I might be preaching to the choir here a little bit, but perhaps you need a quick reminder to back up your personal workstations as well as your enterprise data.

After two and a half years of what I can only describe as abuse, my MacBook's hard drive gave up the ghost last night. This thing has traveled over 5,000 miles with me on my bicycle in my panniers, been slung hither to yon on buses, subways, planes and trains. Until recently, it was even my primary workstation at home.
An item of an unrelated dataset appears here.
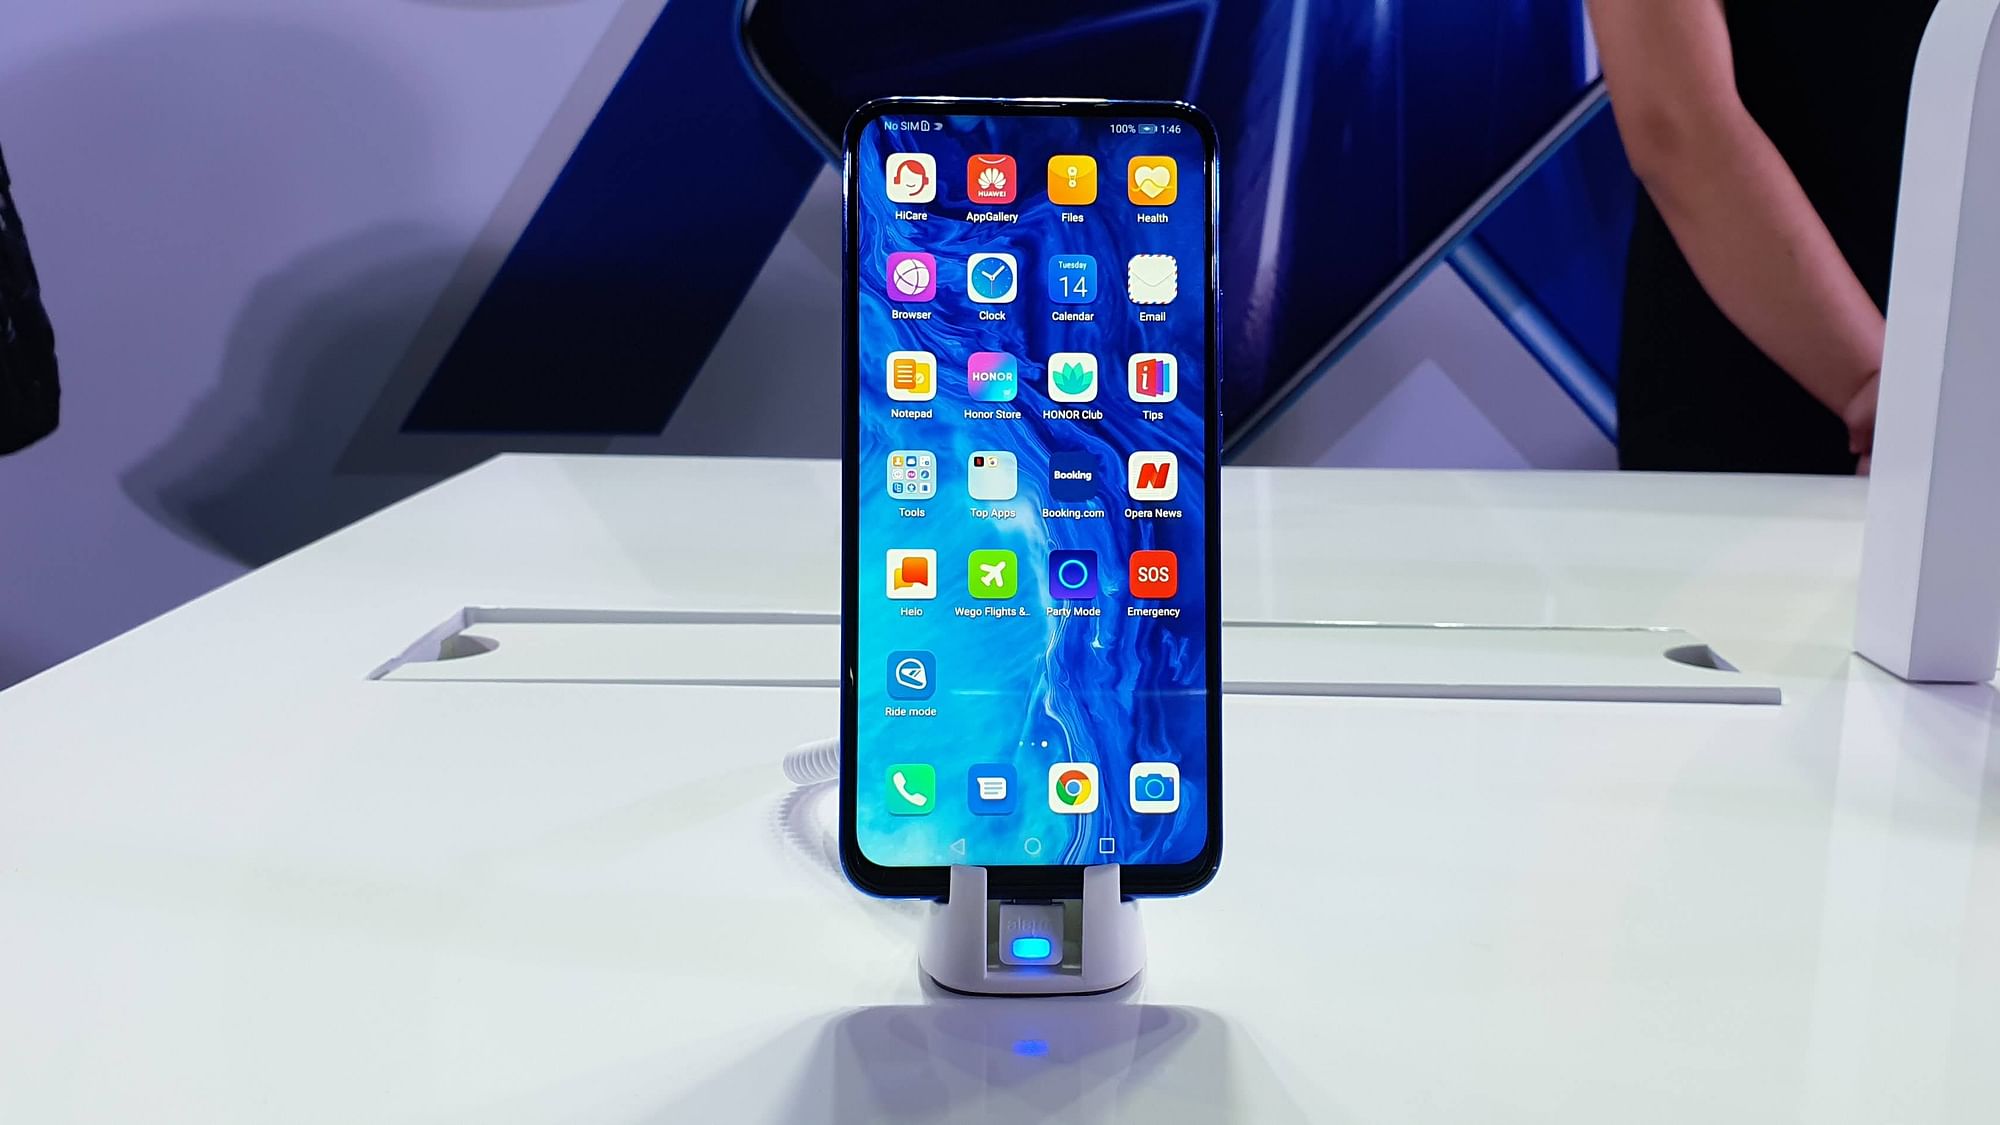 The Honor 9x comes with a 6.59-inch display.

It came with little surprise: my hard drive died mostly due to shock. Not one brute-force blow, by any means. It was just its time. As I sit here letting Time Machine restore my old stuff, I can say I'm thankful that I was at least somewhat diligent about backups. I probably only lost a few photographs that were on my hard drive for the past few days, and some of those got uploaded to Flickr anyway. The only lump in my throat was from having to explain to my wife why I'll need to lay out a Benjamin for a 320GB SATA drive this coming paycheck. It's amazing how much laptop storage you can get for $100. It's too bad I have to do this now, because it looks like the 500GB drives are going to be there soon.
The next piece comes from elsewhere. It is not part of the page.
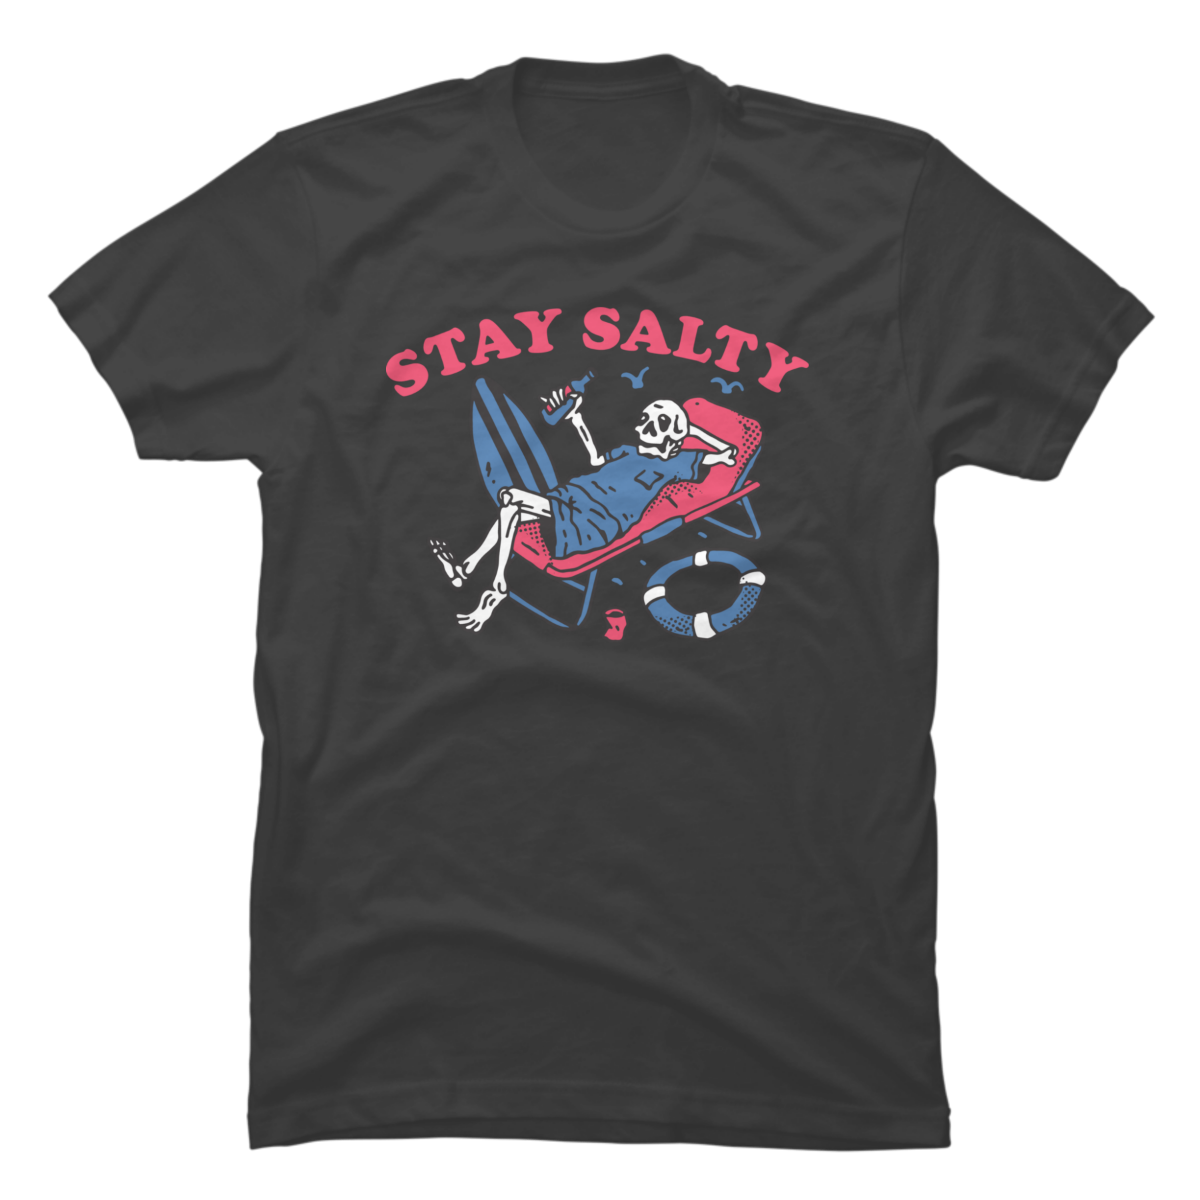 stay salty t-shirt

You can read all kinds of reviews about Time Machine as a bare-metal restore tool as well as recovering from accidental data removal. I won't dwell on that here. All I can say is that when the time came, I wasn't sweating any bullets about my lost data. I can simply fork over some cash next week, and everything will be back the way I left it.

However you get your backups done, consider this a reminder to remain diligent. You never know when you'll need to restore, and the backup you made 8 months ago, while better than nothing, probably will leave you with a bit of regret.